Jennifer Pan

Assistant Professor
jp1@stanford.edu
650.725.7326
jenpan.com
McClatchy Hall, Rm. 330

Pan's research examines information control and communication in authoritarian regimes to reveal political choices and outcomes in these opaque societies.

Jennifer Pan is an Assistant Professor of Communication, and an Assistant Professor, by courtesy, of Political Science and Sociology at Stanford University. The intersection of political communication and authoritarian politics is the flash point for conflict in numerous places around the world. Her research resides at this intersection, showing how authoritarian governments try to control society, how the public responds, and when and why each is successful.

Her work on censorship and propaganda shows how authoritarian governments try to control the information environment in the digital age. Her book, Welfare for Autocrats: How Social Assistance in China Cares for its Rulers (Oxford, 2020) shows how China’s pursuit of political order transformed the country’s main social assistance program, Dibao, for repressive purposes.

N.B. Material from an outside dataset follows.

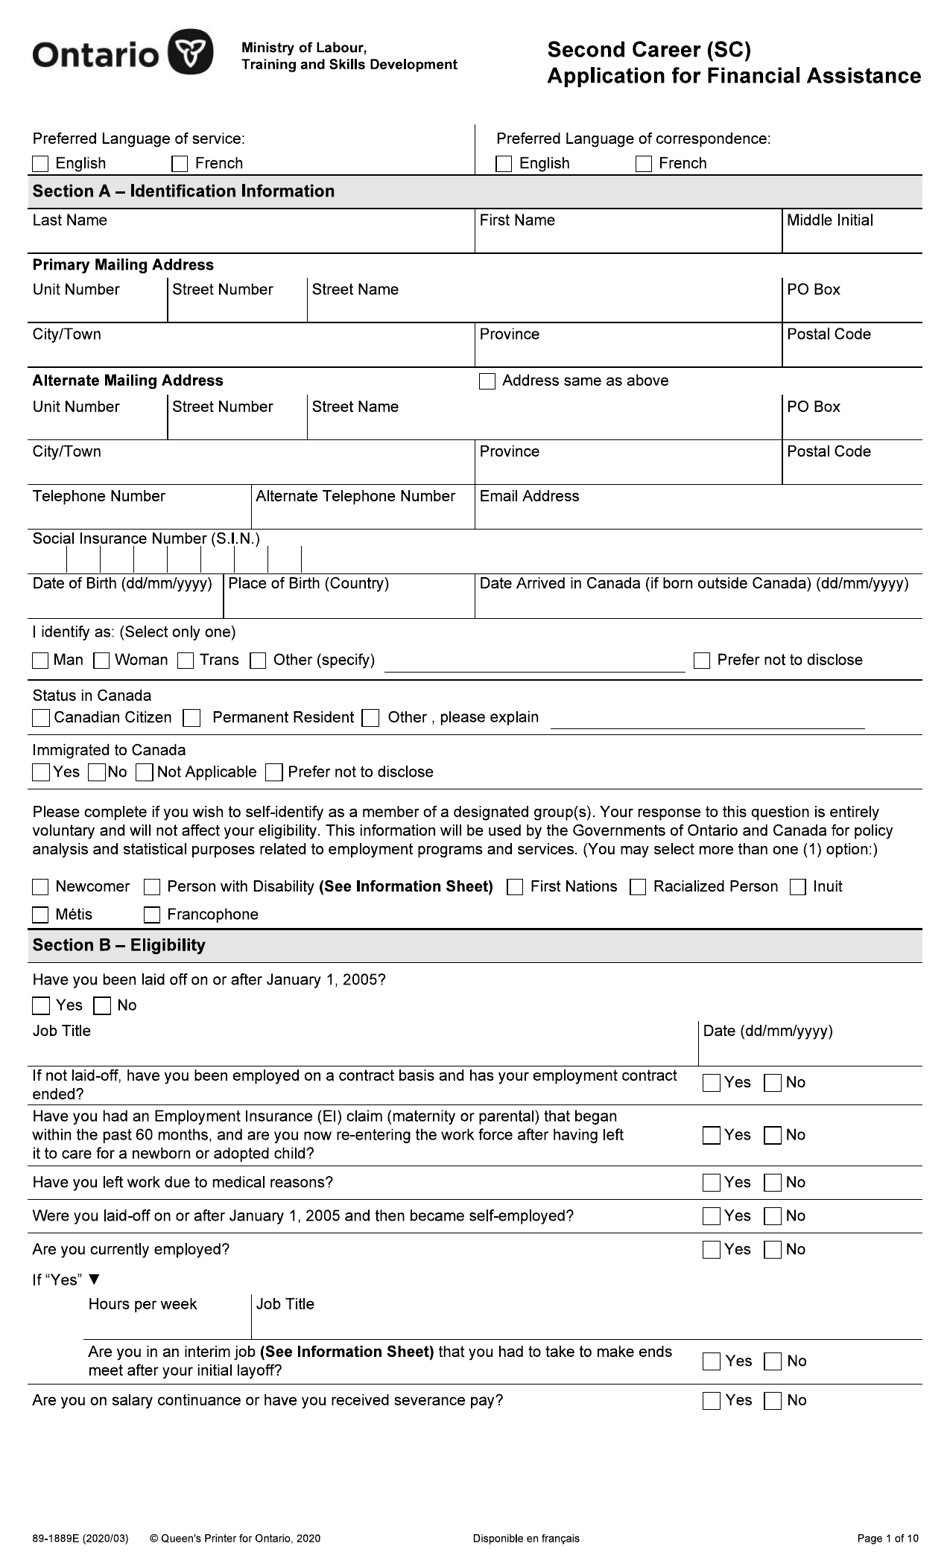 Form 89-1889E Application for Financial Assistance - Second Career (Sc) - Ontario, Canada, Page 1

Her work has appeared in peer reviewed publications such as the American Political Science Review, American Journal of Political Science, Comparative Political Studies, Journal of Politics, and Science.

Pan received her Ph.D. from Harvard University’s Department of Government in 2015. She graduated from Princeton University, summa cum laude, in 2004, and until 2009, she was a consultant at McKinsey & Company based in New York and Beijing. Jennifer has also worked for the Chinese Center for Disease Control and the Clinton Foundation HIV/AIDS Initiative.